Extended Data Fig. 8. MaR2 resolves inflammation systemically and in the liver of DIO mice, related to Fig. 8.

(a) Schematic of the experimental design of MaR2 treatment. C57BL6/J male mice were fed with a high-fat (HF) diet at room temperature for 14 weeks. Then the mice were administered vehicle or MaR2 (5 μg/kg/day; daily i.p.) for 28 days. (b) Body weight at day 0 and day 28 post-treatment (n = 5 biologically independent animals per group, from 1 independent experiment). (c) Plasma TNF-α levels post-treatment (n = 5 biologically independent animals per group, from 1 independent experiment). (d) Relative mRNA expression of proinflammatory, NLRP3-inflammasome-related- and fibrosis-related genes in the liver post-treatment (n = 5 biologically independent animals per group, from 1 independent experiment). (e) Schematic of the experimental design of MaR2 treatment. C57BL6/J male mice were fed with a high-fat (HF) diet at room temperature for 16 weeks. Then, the mice were administered vehicle or MaR2 (10 μg/kg/day; daily i.p.) for 26 days. (f) Body weight at day 0 and day 25 post-treatment, and the body weight change from baseline (n = 6 biologically independent animals per group, from 1 independent experiment). (g) Total caloric intake (n = 6 biologically independent animals per group, from 1 independent experiment). (h, i) Liver weight and TG levels in liver (n = 6 biologically independent animals per group, from 1 independent experiment). (j) Relative mRNA expression of lipogenesis-related genes in liver (n = 6 biologically independent animals per group, from 1 independent experiment). (k) Representative liver H&E staining from each group (Scale bar=100 μm). (l) Plasma levels of ALT in mice treated with vehicle or MaR2 (n = 6 biologically independent animals per group, from 1 independent experiment). (m, n) Relative mRNA expression of inflammation and NLRP3-inflammasome-related genes in the BAT (n = 6 biologically independent animals per group, from 1 independent experiment, m) and epiWAT (n = 5 for Vehicle, except Casp1 n = 4, n = 6 for MaR2, from 1 independent experiment, n) of mice treated with vehicle or MaR2. Two-tailed Unpaired Student’s t-tests. Data are presented as mean ± SEM.

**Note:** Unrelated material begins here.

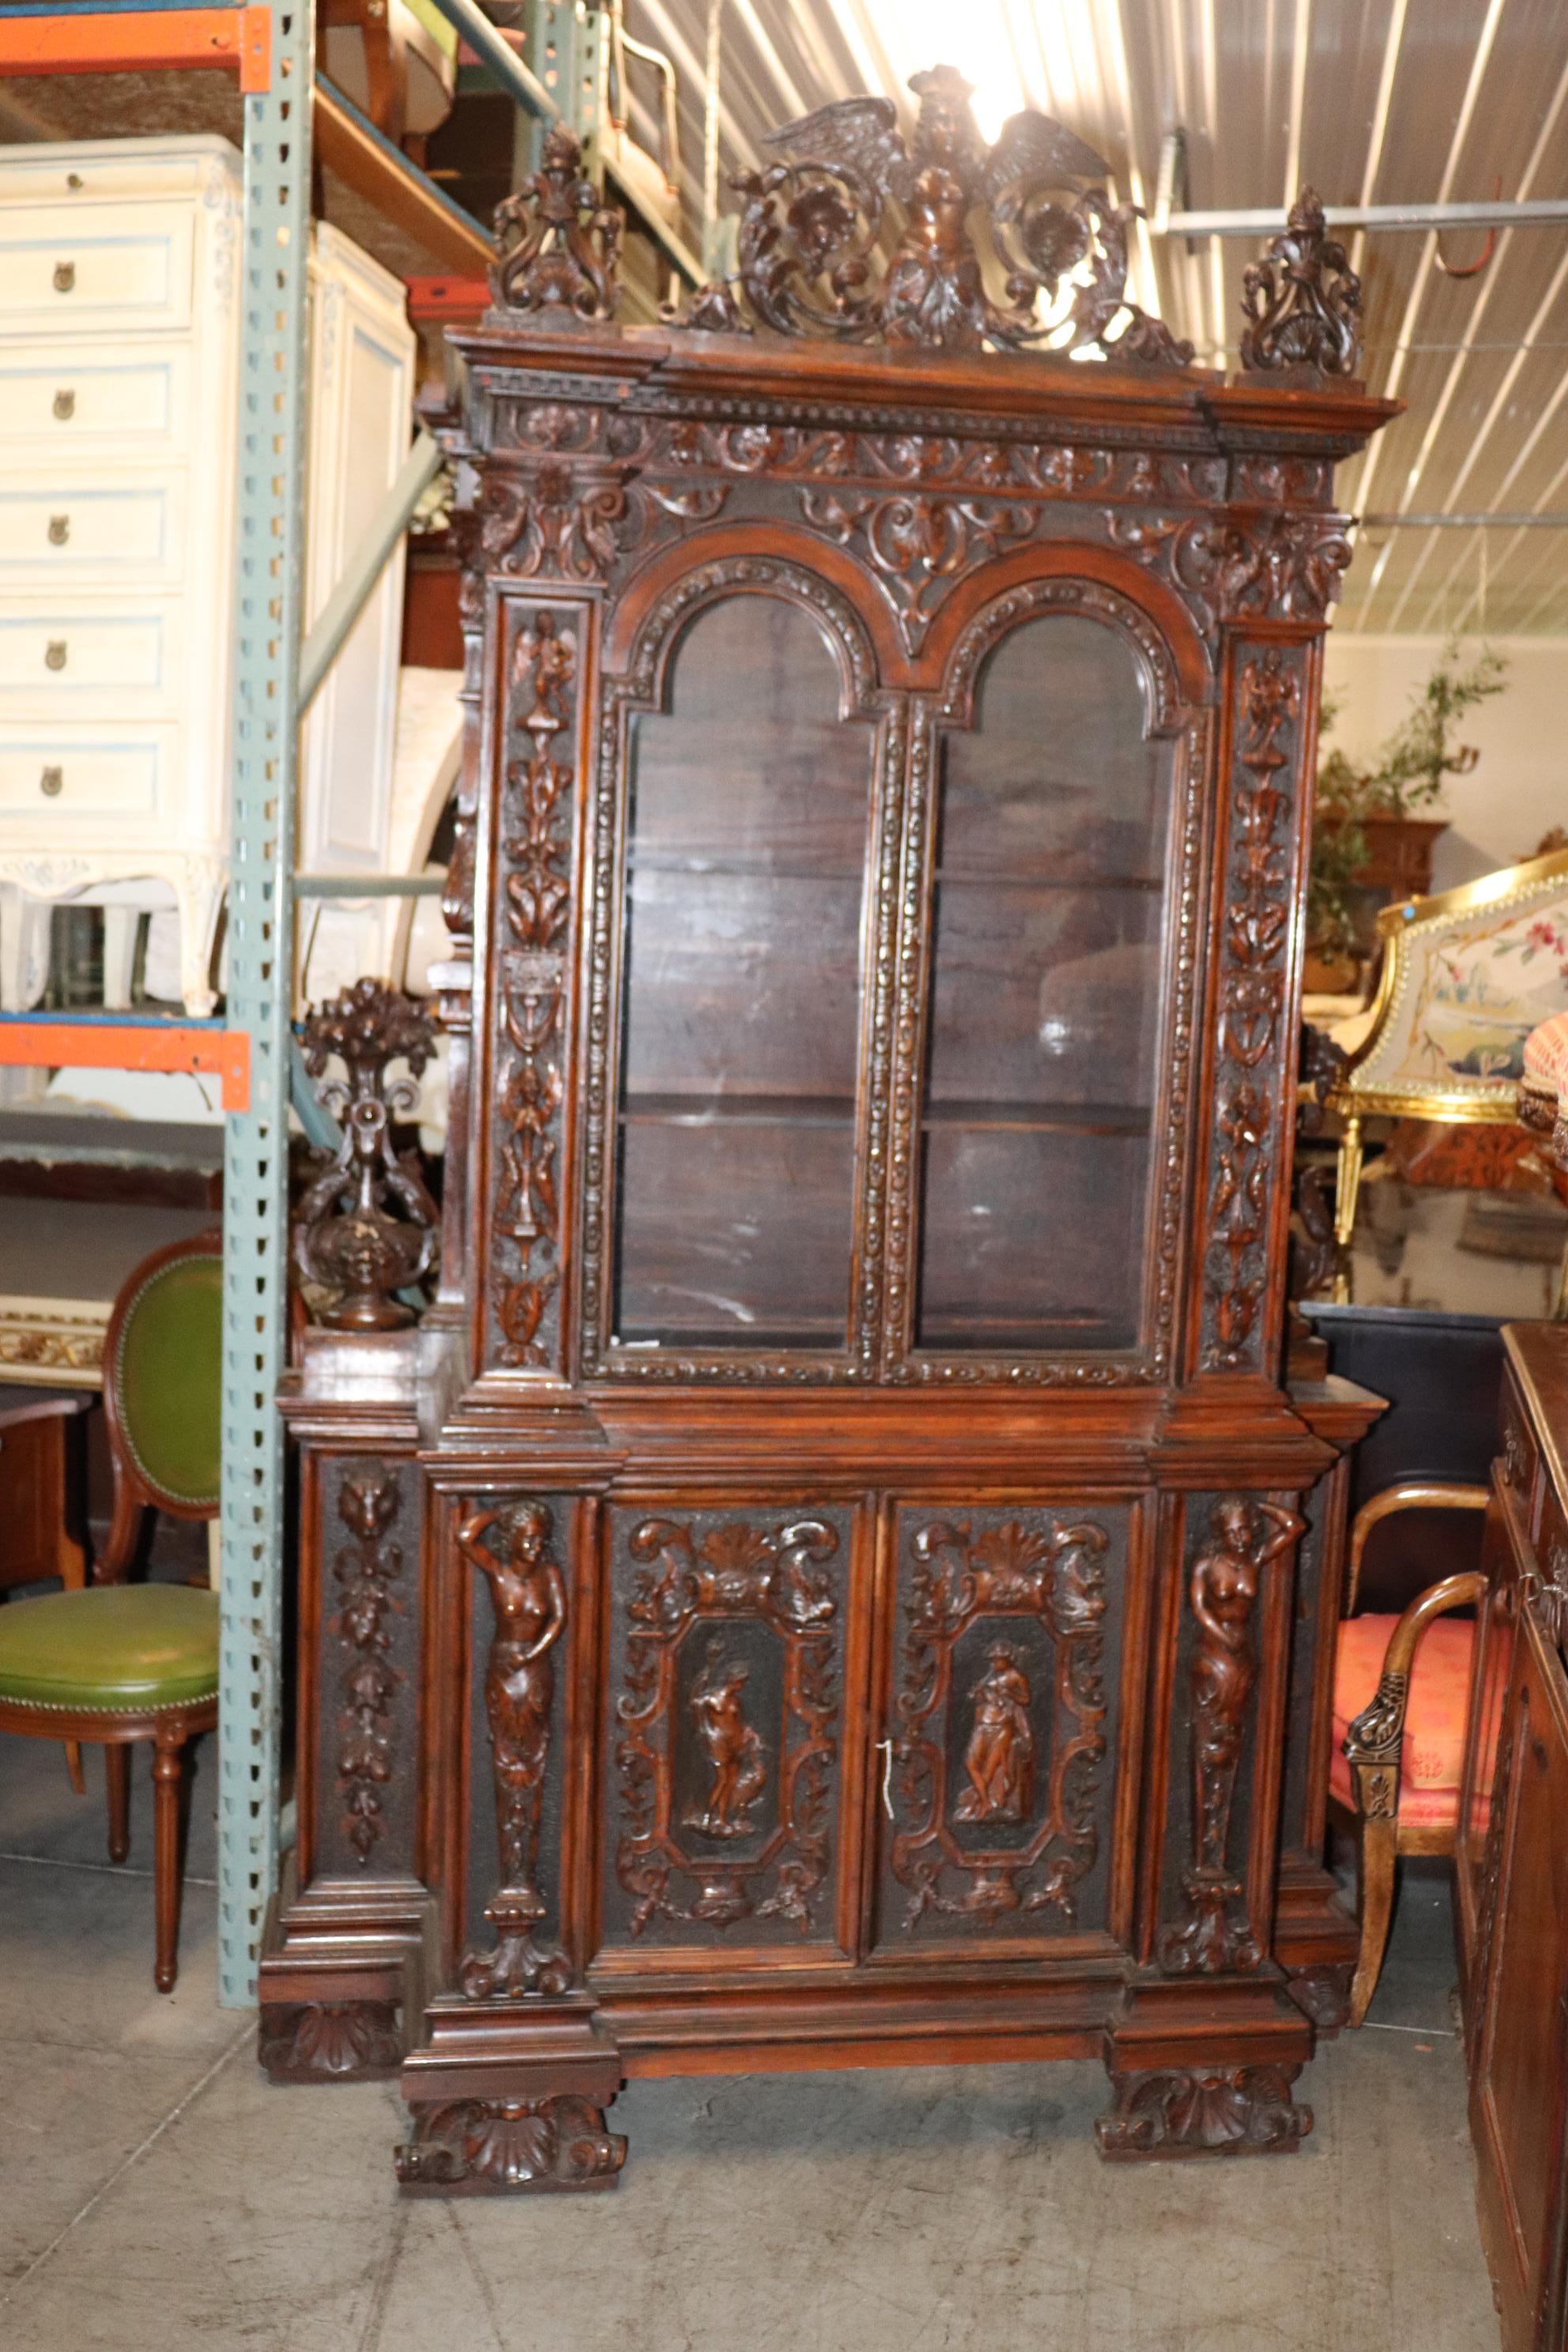 This incredible carved cabinet is an absolute masterpiece of carving and figural design. Look at the incredible quality of the carved details and the stippled areas in the background. The cabinet has hand-blown glass and has some signs of age and

Extended Data Fig. 9. Absorption kinetics of d5-MaR2 and regulation of liver monocytes/macrophages by MaR2, related to Fig. 8.

(a) Recovery of d5-MaR2 spiked into murine plasma and subjected to solid phase extraction and LC-MS/MS analysis, with mean d5-MaR2 recovered indicated along with the calculated coefficient of variation (CV) from 4 individual replicates. (b) Schematic of the administration of d5-MaR2 to male mice fed a high-fat diet for 15 weeks, followed by collection of blood at the indicated time points. The red circle indicates the position of the deuterium (D) atoms at the omega end of MaR2. (c) Quantification of d5-MaR2 in plasma after intraperitoneal administration to obese mice, as determined by LC-MS/MS (n = 3 biologically independent animals per group, from 1 independent experiment, Kruskal-Wallis test, followed by Dunn’s multiple comparisons post-tests). (d) Flow cytometry gating strategy of monocyte and macrophage populations in the liver. Representative dot plots showing Single cells, Live cells and CD45 + cells (related to Fig. 8e). (e, f) Quantification of monocyte (e) and macrophage (f) populations in the liver of mice treated with vehicle or MaR2 (10 μg/kg/day; daily i.p.) for 5 days (related to Fig. 8; n = 5 biologically independent animals per group, from 1 independent experiment) (g) Primary rat Kupffer cells were incubated with vehicle or MaR2 (50 nM) for 18 hours, then RNA was harvested for qPCR to measure relative mRNA expression of proinflammatory, NLRP3-inflammasome-related- and fibrosis-related genes (n = 3 technical replicates per group). Two-tailed Unpaired Student’s t-tests, except c. Data are presented as mean ± SEM.

Data availability

The authors declare that the data supporting the findings of this study are available within the paper and the Supplementary Information files. The raw data that support the findings of this study are available as source data files.